In time I know his path and mine will cross again, if not the kids' and his. I know also that I have to let the children know he loved them even if he did not show up. They are still vitally linked by blood and heritage and I know that whatever my children will be they would eventually want to know where they have been.
I used to be so afraid about meeting him in the streets. I remember hailing a taxi from the hospital because I thought I saw him just across the street.
Out mutual friend and I never got along after the breakup. He was his best friend and I thought mine too. He simply felt I should have tried harder or at least given him another chance. It was more than five years of hell. I know the wounds and memories are healed. Only by God's grace.

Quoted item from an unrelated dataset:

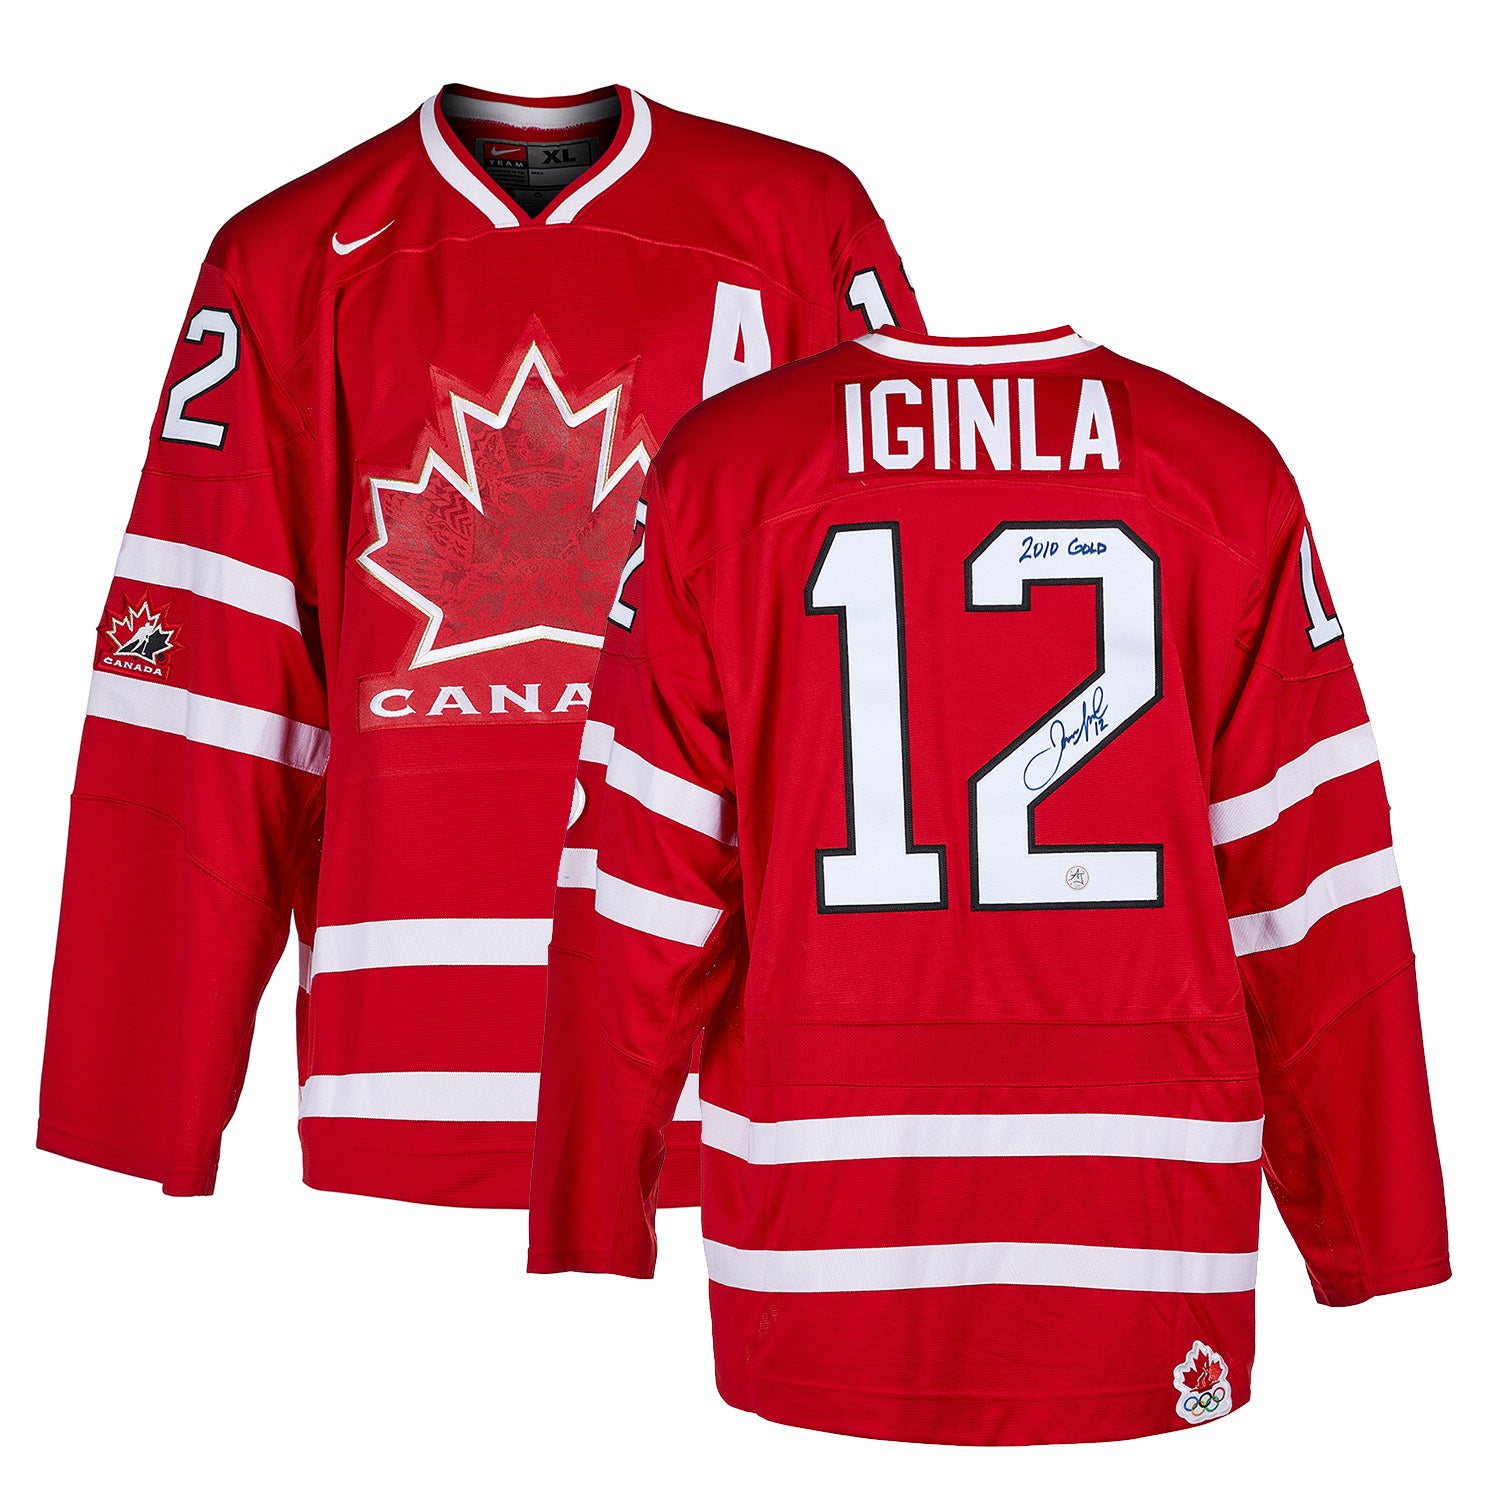 Jarome Iginla Team Canada Signed & Inscribed 2010 Gold Nike Jersey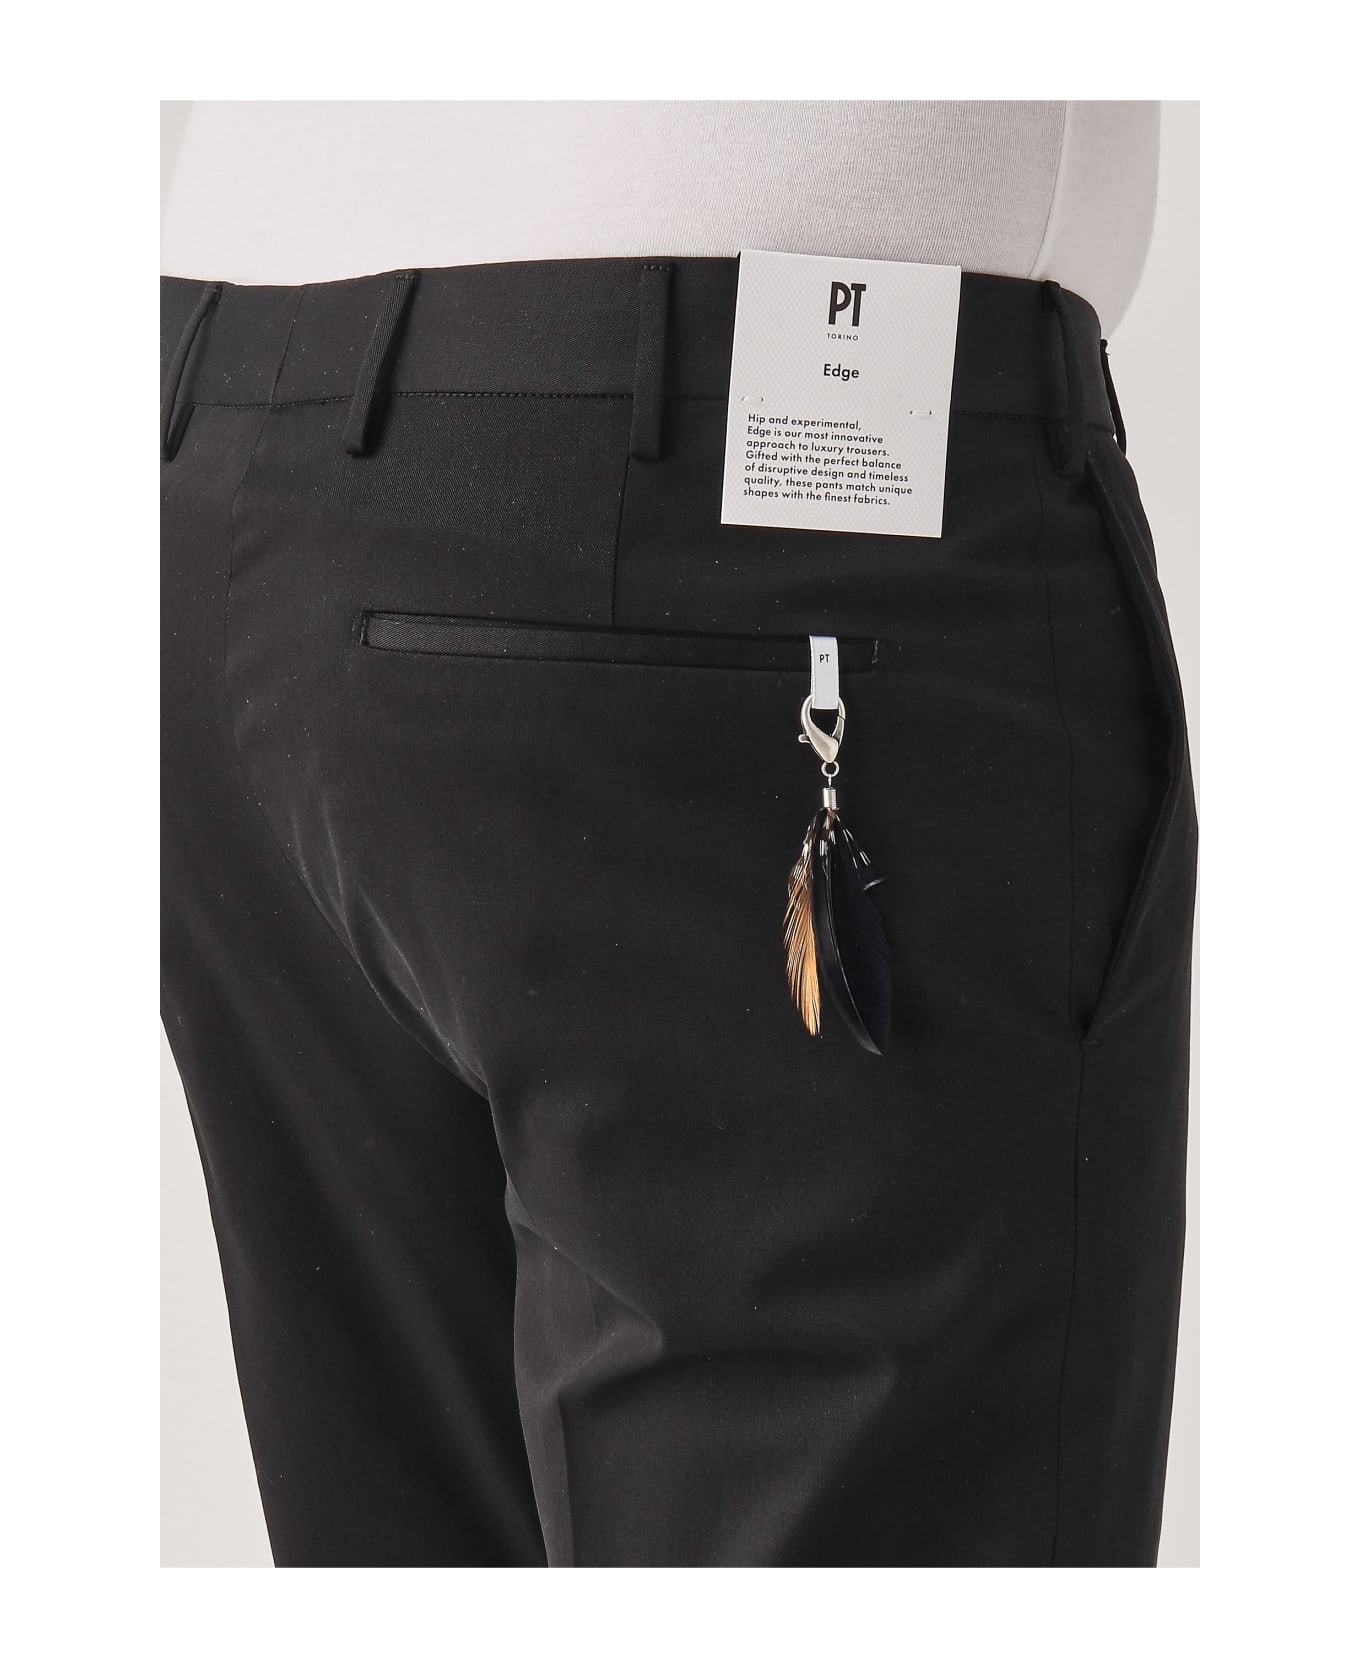 PT Torino Pantalone Uomo Trousers - NERO ボトムス

After twenty years, what can I say? My "ex" who was a "brod" tried to win me back and for three months of insanity, I was entangled in a web of deceit and revenge. He wanted to have his sweet revenge for being rejected. He wanted to prove that I was wrong to have jilted him. He wanted to show me what I missed for choosing someone else over him. He thought I married Wilfredo so he also got married. I am glad I was taken out of the mess. Indeed, only by God's amazing grace.
It doesn't end there. I still have momentary death wishes. At times I feel I have lived too long as it is. Only that I know I am still useful, that's why I continue to trudge on and hope for the best. My life is an open book. People can easily see through me. I no longer hide from my past or even deny what I have been and what have transpired. My life is a living proof of God's mercy and love.